There for we can derive that \(E(Y_{new,CenAge=0}\mid Y_{new,CenAge=4})=m_{new,CenAge=0}+V_{21}V^{-1}_{11}\left ( Y_{new,CenAge=4}-m_{new,CenAge=4} \right )\), where \(m_{new,CenAge=0}\) is the fixed effect that we can use the method we just used above to calculate.

Since for a mixed effect model written by matrix notation \(\mathbf{Y}=\mathbf{X}\mathbf{\beta}+\mathbf{Z}\mathbf{b}+\mathbf{\epsilon}\), \(V_{21}V^{-1}_{11}\left ( Y_{new,CenAge=4}-m_{new,CenAge=4} \right )\) is the same thing as the estimated BLUP which is \(\widehat{\text{BLUP}}(\mathbf{b})=\widehat{C}_{b,Y}\widehat{V}^{-1}_{Y}(\mathbf{Y}-\mathbf{X}\widehat{\mathbf{\beta}})\). For each term, \(\widehat{C}_{b,Y}=(\mathbf{Z}\widehat{Var(\mathbf{b})})'\), \((\mathbf{Z}\widehat{(Var(\mathbf{b}))}\mathbf{Z}'+\widehat{\sigma}^2I)^{-1}\).

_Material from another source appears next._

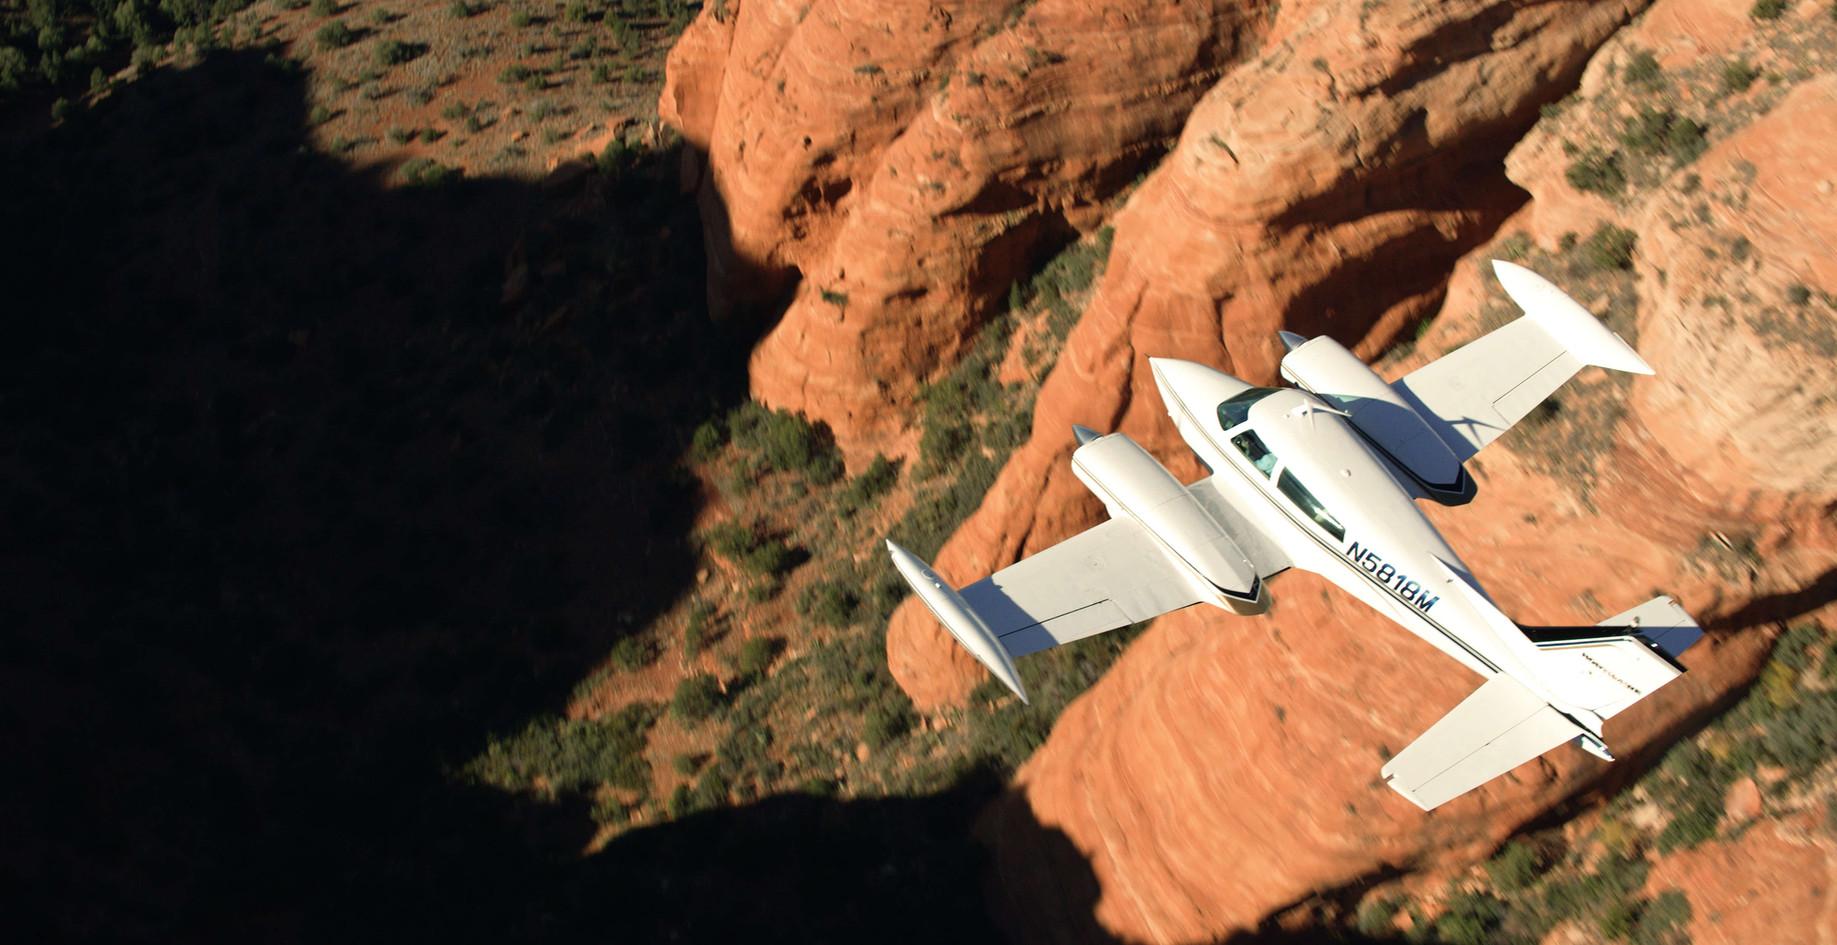 North-Aire-Aviation-Sedona-Aerial-cessna

In this case, from the summary of model Full.to.pred, \(\mathbf{Y}=2.5\), \(\mathbf{X}=(1,4,1.6)\), \(\widehat{\mathbf{\beta}}=(0.91580,0.13081,0.37100)'\), \(\mathbf{Z}=(1,4)\), \(\widehat{\sigma}^2=0.08094\), \(I=1\), and \(\widehat{Var(\mathbf{b})}=\begin{pmatrix}0.02285 & 0\\ 0 & 0.01529\end{pmatrix}\). Put all of these values into the formula \(\widehat{\text{BLUP}}(\mathbf{b})=\widehat{C}_{b,Y}\widehat{V}^{-1}_{Y}(\mathbf{Y}-\mathbf{X}\widehat{\mathbf{\beta}})\) then we can get the random effects for this female. All calculations are done by the following code:

1
2
3
4
5
6
7
8
9
10
11
12
13
14
15
# Var(b)
var.b <- diag(c(0.02285,0.01529))
# Z
Z <- matrix(c(1,4),nrow = 1)
# Calculate random effects for this female
ranef5_2 <- (t(var.b) %*% t(Z))%*%
solve(Z %*% var.b %*% t(Z)+0.08094*1)%*%
(2.5-x.new[5,]%*%diag(3)%*%fix.coef)
cat("The random effects is: ", ranef5_2, "\n")
# Calculate fixed effects for this female at CenAge 0
x.5_2 <- matrix(c(1,0,1.6),nrow = 1)
z.5_2 <- matrix(c(1,0),nrow = 1)
# Calculate E(y_new_11|y_new_15)
cat("The predicted tolerance for the female when she was at age 11: ",
(x.5_2%*%fix.coef+z.5_2%*%ranef5_2)[1,1])

The random effects is: 0.03064899 0.08203467

The predicted tolerance for the female when she was at age 11: 1.540046

Reference

Shmueli, Galit. To Explain or to Predict?. Statist. Sci. 25 (2010), no. 3, 289--310. doi:10.1214/10-STS330.